> _Task instructions_
Among the lines below, the one containing "補充アスレチックシガレットlapalette (ラ パレット)" opens the range and the one containing "Range_Rover_Velar_Startech_0008" closes it. Print that range exactly, without the pictures.

> _Records for the task_
"""

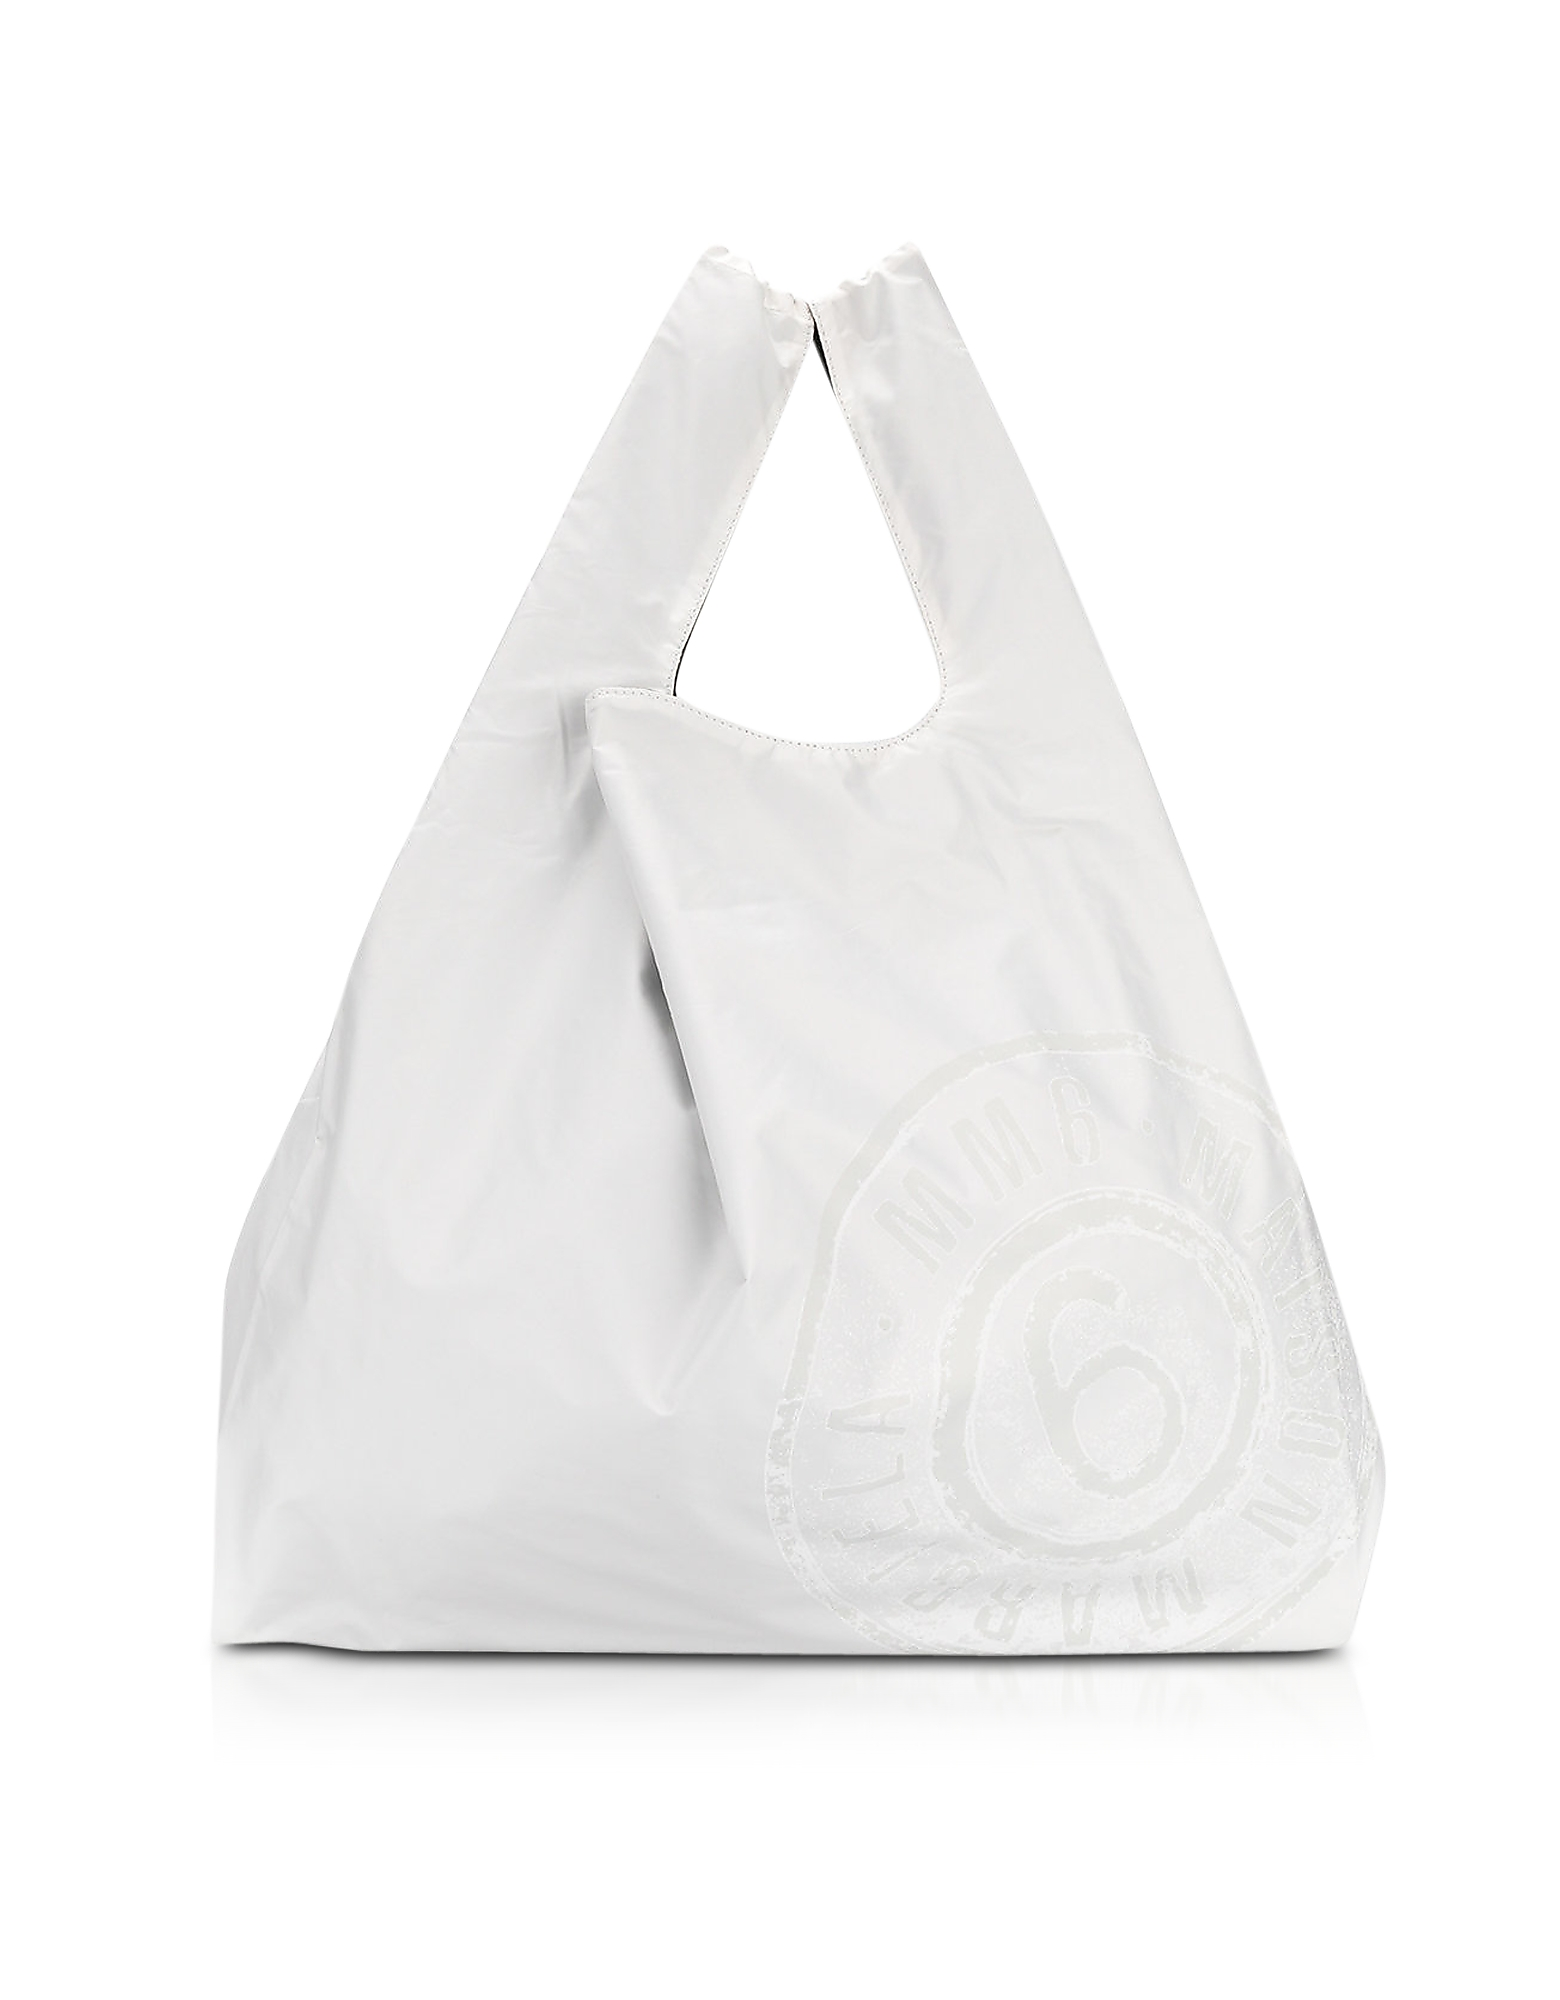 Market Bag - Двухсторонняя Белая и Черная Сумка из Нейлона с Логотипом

"""
"""

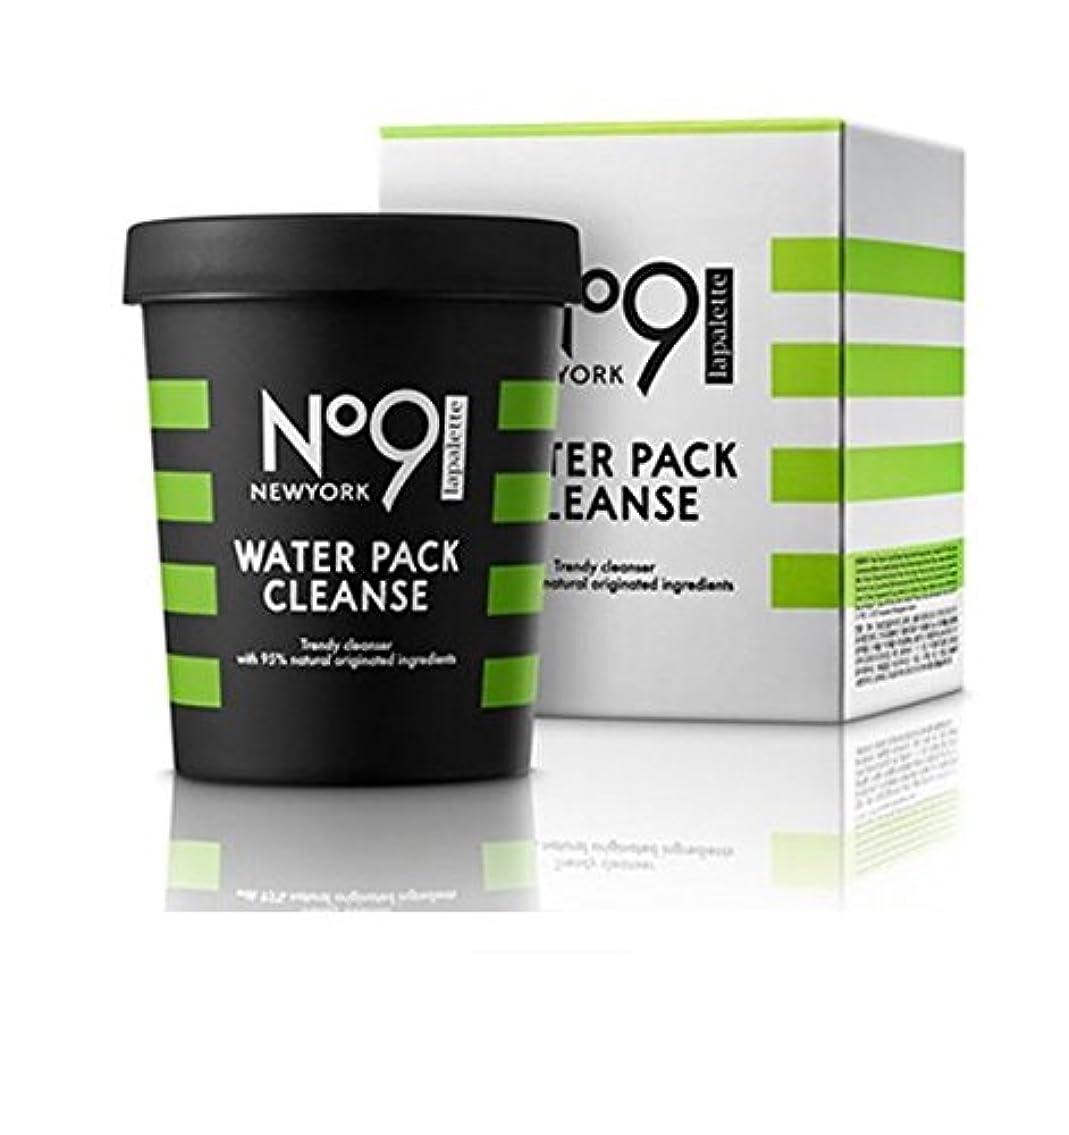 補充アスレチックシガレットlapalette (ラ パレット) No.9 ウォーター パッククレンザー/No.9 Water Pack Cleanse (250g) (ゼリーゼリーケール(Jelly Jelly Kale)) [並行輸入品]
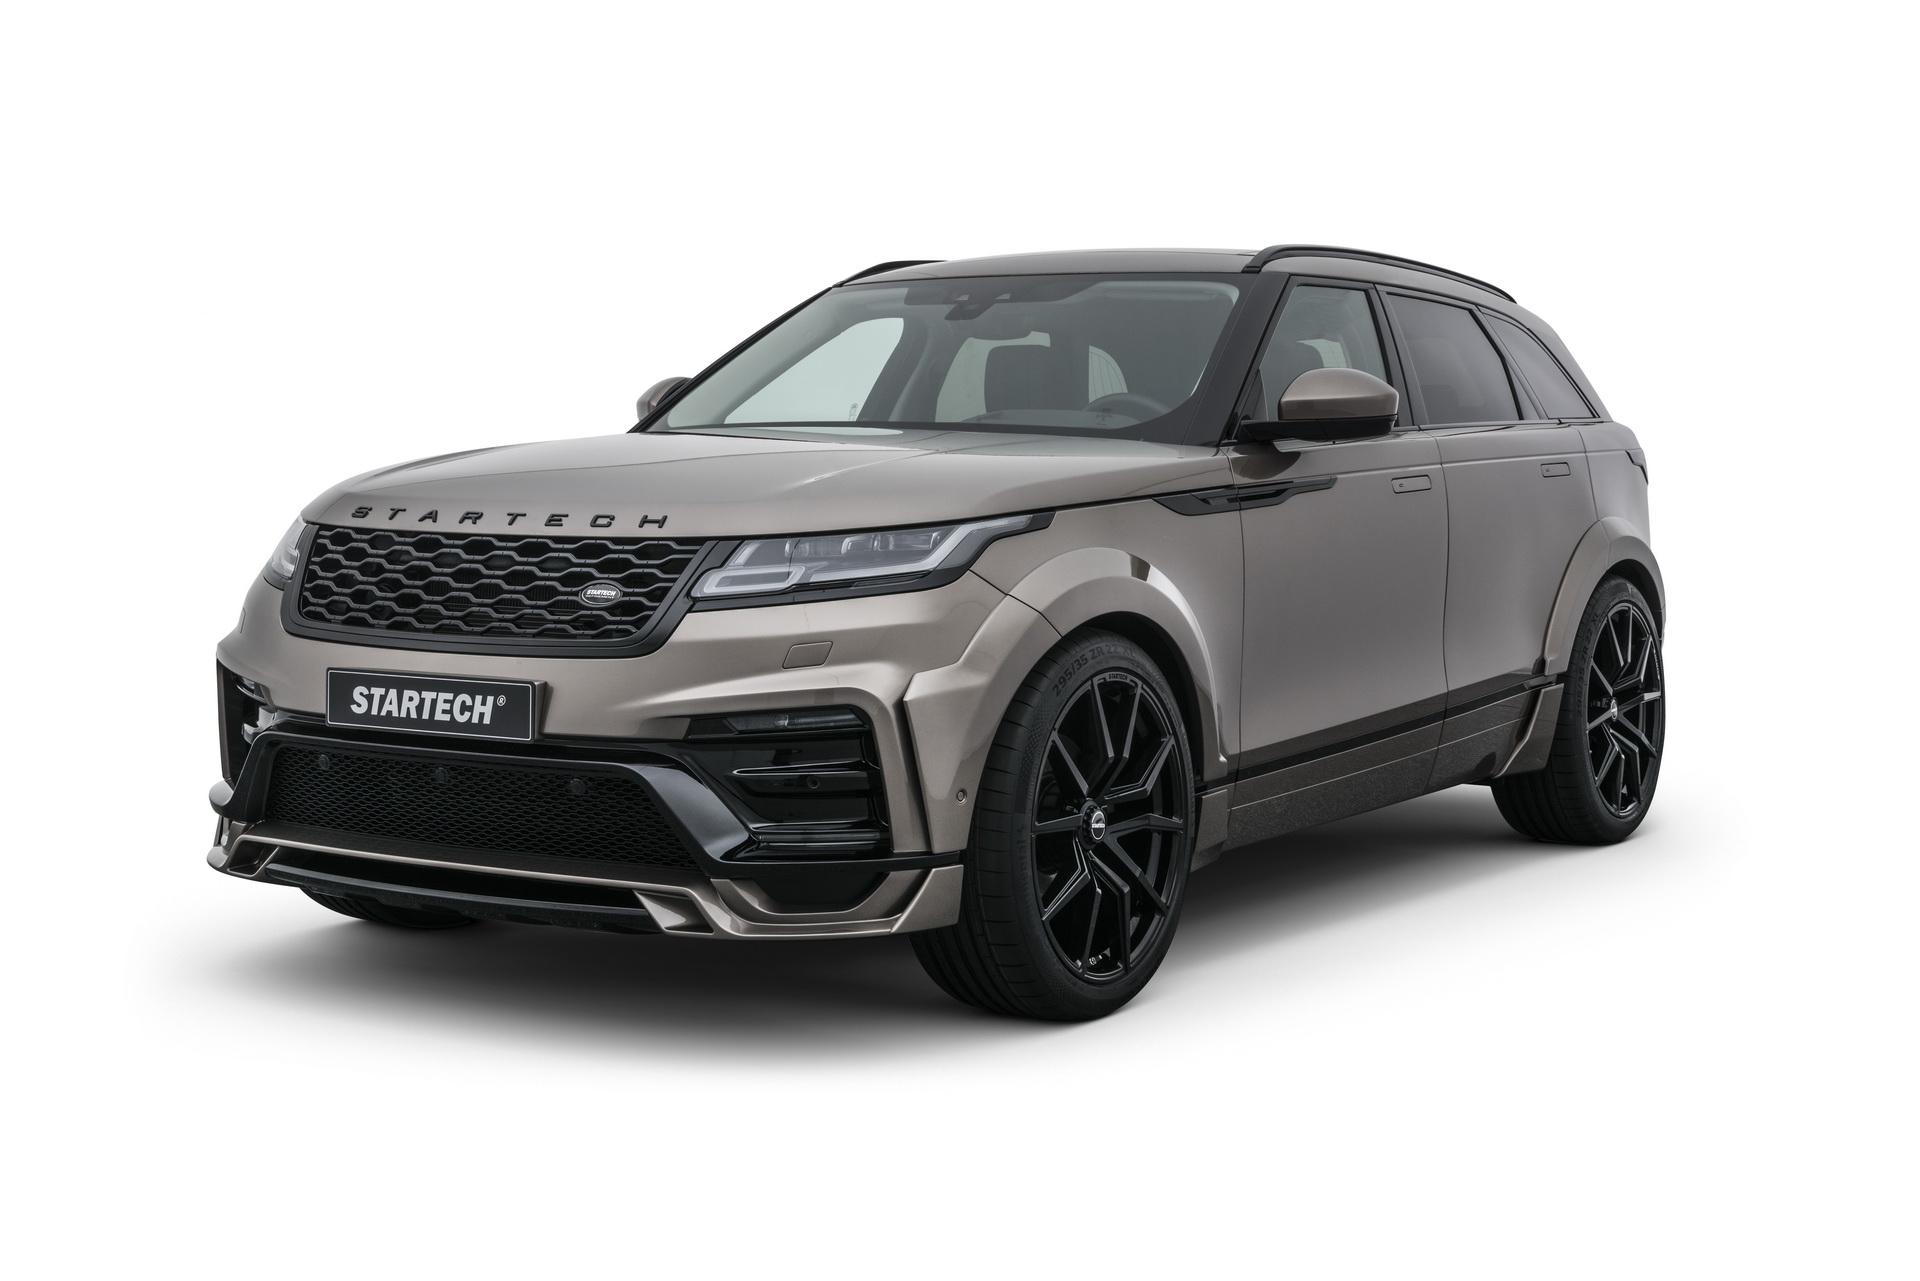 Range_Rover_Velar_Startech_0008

"""

> _Result_
 補充アスレチックシガレットlapalette (ラ パレット) No.9 ウォーター パッククレンザー/No.9 Water Pack Cleanse (250g) (ゼリーゼリーケール(Jelly Jelly Kale)) [並行輸入品]
 Range_Rover_Velar_Startech_0008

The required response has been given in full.